## What the task asks
Reproduce, exactly, the lines of the material below from the line containing "Apartamento, 2 quartos, piscina, para" through the line containing "Several Avianca aircraft", with both end lines included and nothing else.

## Record set

──────────────────────────────

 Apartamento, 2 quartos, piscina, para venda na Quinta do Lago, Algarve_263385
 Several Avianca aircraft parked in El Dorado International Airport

──────────────────────────────

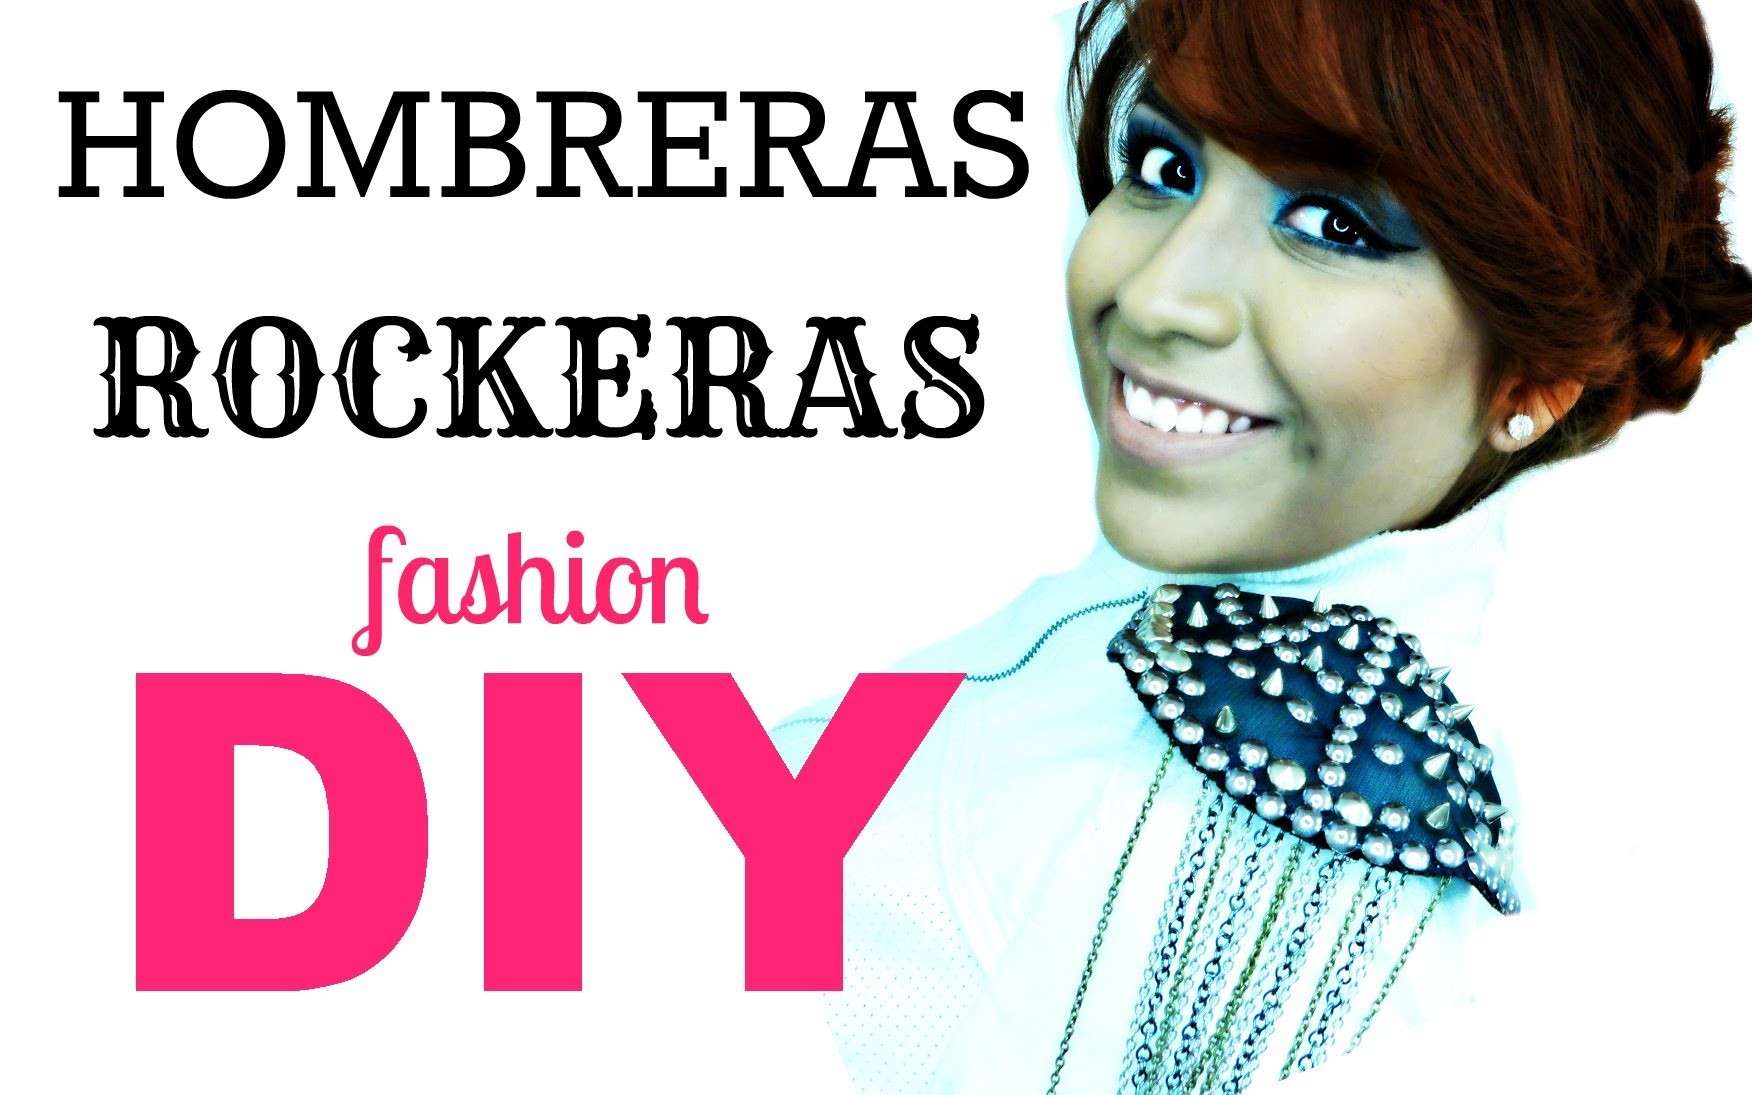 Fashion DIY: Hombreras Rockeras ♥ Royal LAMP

──────────────────────────────

## Answer box
 Apartamento, 2 quartos, piscina, para venda na Quinta do Lago, Algarve_263385
 Several Avianca aircraft parked in El Dorado International Airport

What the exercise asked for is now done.